Concept extraction from text documents locates specific information directly from text. Common use cases include:

Extracting anomalies from entire legal documents
Identifying financial figures across multiple report sections
Extracting citations and references from academic papers
Identifying product specifications from technical manuals
Extracting contact information from business documents

# Quick Start Example - Extracting a concept from a document

import os

from contextgem import Document, DocumentLLM, JsonObjectConcept


# Example document instance
# Document content is shortened for brevity
doc = Document(
    raw_text=(
        "Statement of Work\n"
        "Project: Cloud Migration Initiative\n"
        "Client: Acme Corporation\n"
        "Contractor: TechSolutions Inc.\n\n"
        "Project Timeline:\n"
        "Start Date: March 1, 2025\n"
        "End Date: August 31, 2025\n\n"
        "Deliverables:\n"
        "1. Infrastructure assessment report (Due: March 15, 2025)\n"
        "2. Migration strategy document (Due: April 10, 2025)\n"
        "3. Test environment setup (Due: May 20, 2025)\n"
        "4. Production migration (Due: July 15, 2025)\n"
        "5. Post-migration support (Due: August 31, 2025)\n\n"
        "Budget: $250,000\n"
        "Payment Schedule: 20% upfront, 30% at midpoint, 50% upon completion\n"
    ),
)

# Define a document-level concept using e.g. JsonObjectConcept
# This will extract structured data from the entire document
doc_concept = JsonObjectConcept(
    name="Project Details",
    description="Key project information including timeline, deliverables, and budget",
    structure={
        "project_name": str,
        "client": str,
        "contractor": str,
        "budget": str,
        "payment_terms": str,
    },  # simply use a dictionary with type hints (including generic aliases and union types)
    add_references=True,
    reference_depth="paragraphs",
)

# Add the concept to the document
doc.add_concepts([doc_concept])
# (add more concepts to the document, if needed)

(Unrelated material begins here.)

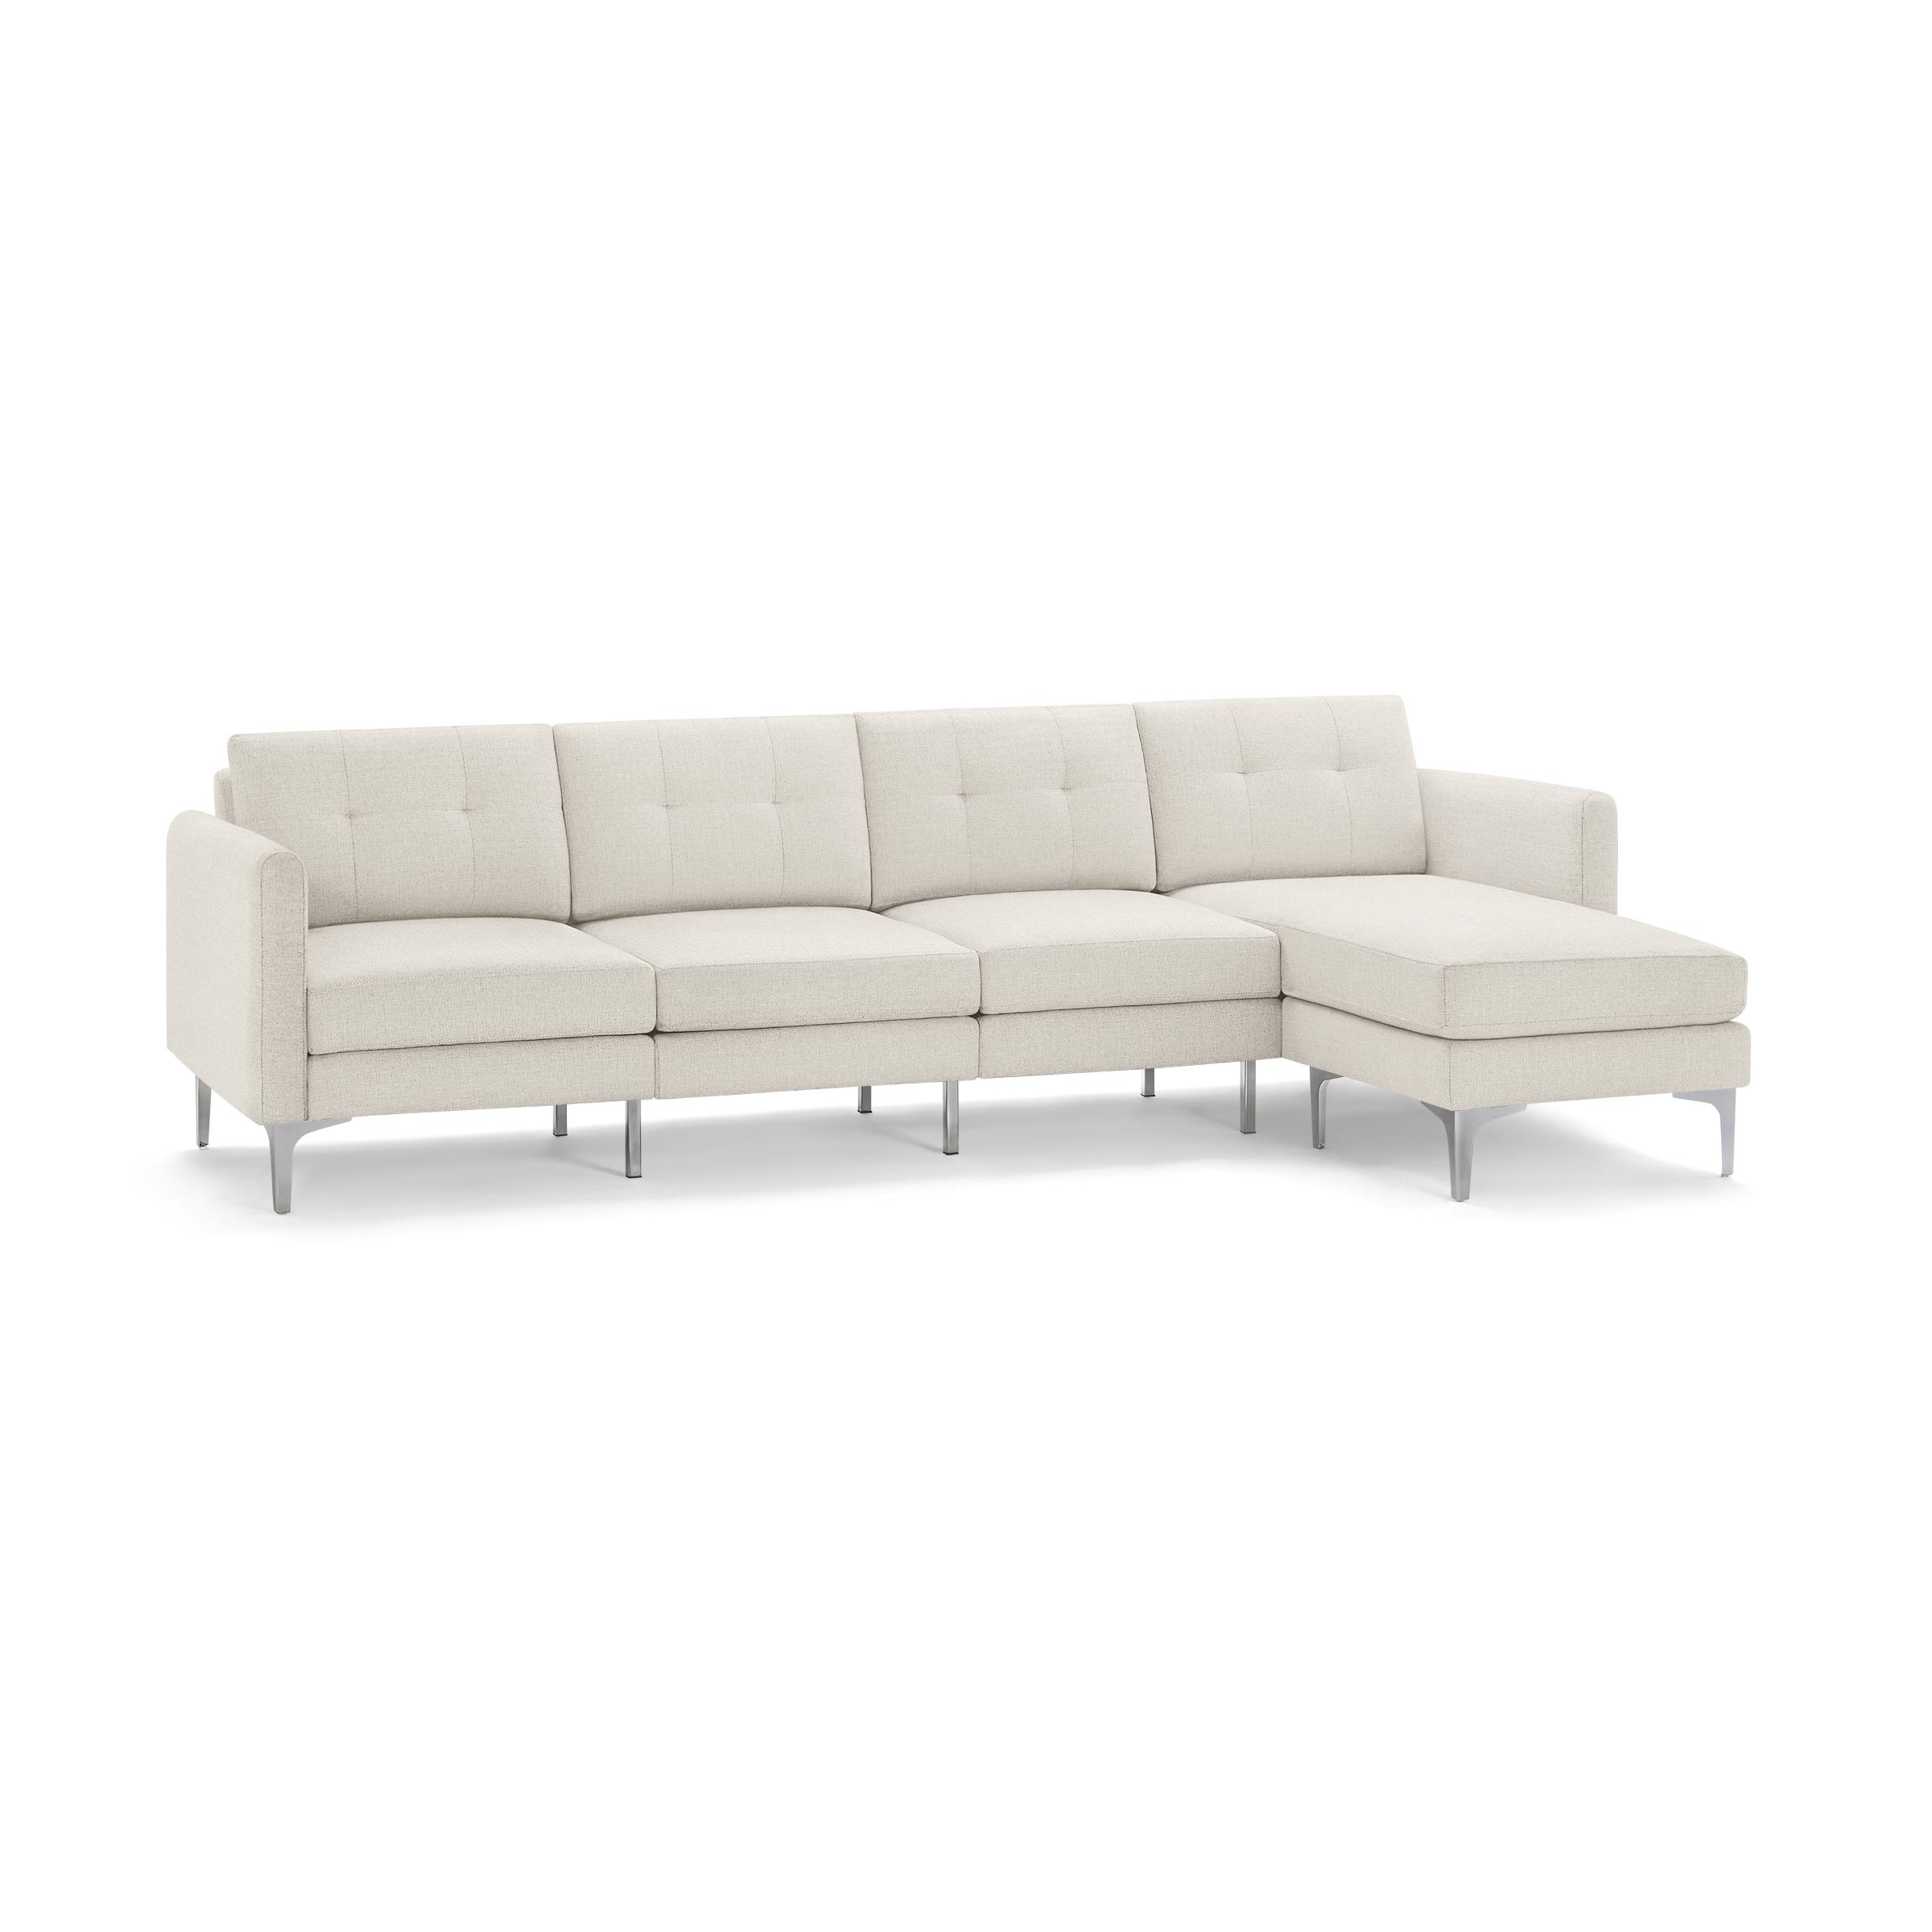 Nomad King Sectional in Ivory, Chrome Legs - Image 0

# Create an LLM for extraction
llm = DocumentLLM(
    model="openai/gpt-4o-mini",  # or any other LLM from e.g. Anthropic, etc.
    api_key=os.environ.get("CONTEXTGEM_OPENAI_API_KEY"),  # your API key
)

# Extract information from the document
extracted_concepts = llm.extract_concepts_from_document(doc)
# or use async version llm.extract_concepts_from_document_async(doc)

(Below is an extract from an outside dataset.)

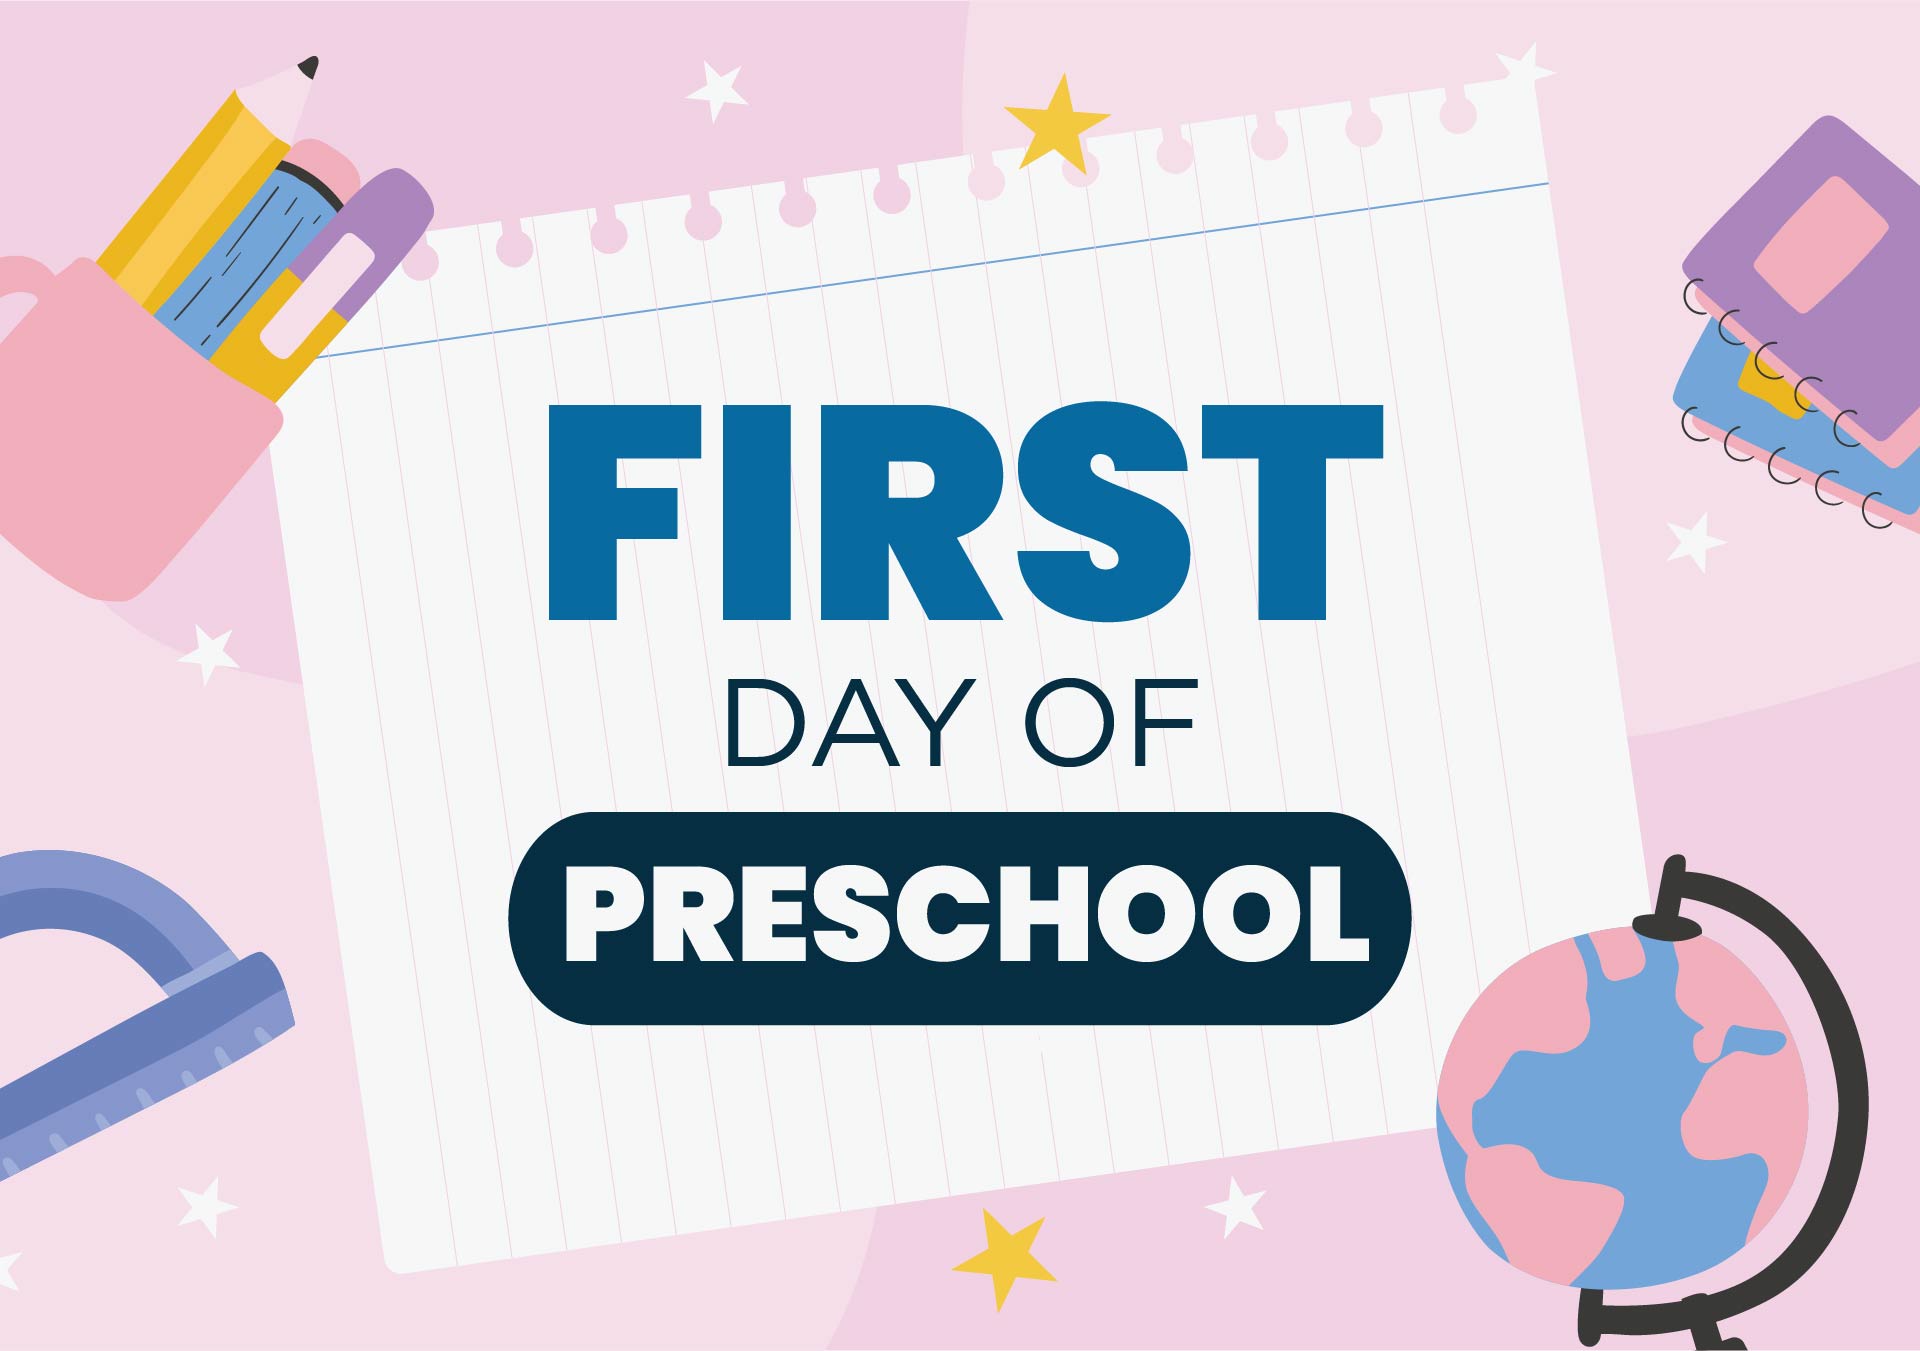 9-best-images-of-first-day-of-preschool-printable-first-day-of-preschool-sign-printable-first

# Access extracted information
print("Project Details:")
print(
    extracted_concepts[0].extracted_items
)  # extracted concept items with references to paragraphs
# Or doc.get_concept_by_name("Project Details").extracted_items

🖼️ Concept Extraction from Document (vision)#

Tip

Concept extraction using vision capabilities processes documents with complex layouts or images. Common use cases include:

Extracting data from scanned contracts or receipts
Identifying information from charts and graphs in reports
Identifying visual product features from marketing materials

# Quick Start Example - Extracting concept from a document with an image

import os
from pathlib import Path

from contextgem import Document, DocumentLLM, Image, NumericalConcept, image_to_base64


# Path adapted for testing
current_file = Path(__file__).resolve()
root_path = current_file.parents[4]
image_path = root_path / "tests" / "images" / "invoices" / "invoice.jpg"

# Create an image instance
doc_image = Image(mime_type="image/jpg", base64_data=image_to_base64(image_path))

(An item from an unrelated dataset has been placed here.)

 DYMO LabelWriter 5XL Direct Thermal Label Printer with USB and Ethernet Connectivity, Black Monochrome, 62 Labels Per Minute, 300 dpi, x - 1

# Example document instance holding only the image
doc = Document(
    images=[doc_image],  # may contain multiple images
)

# Define a concept to extract the invoice total amount
doc_concept = NumericalConcept(
    name="Invoice Total",
    description="The total amount to be paid as shown on the invoice",
    numeric_type="float",
    llm_role="extractor_vision",  # use vision model
)

# Add concept to the document
doc.add_concepts([doc_concept])
# (add more concepts to the document, if needed)

# Create an LLM for extraction
llm = DocumentLLM(
    model="openai/gpt-4o-mini",  # Using a model with vision capabilities
    api_key=os.environ.get("CONTEXTGEM_OPENAI_API_KEY"),  # your API key
    role="extractor_vision",  # mark LLM as vision model
)

# Extract information from the document
extracted_concepts = llm.extract_concepts_from_document(doc)
# or use async version: await llm.extract_concepts_from_document_async(doc)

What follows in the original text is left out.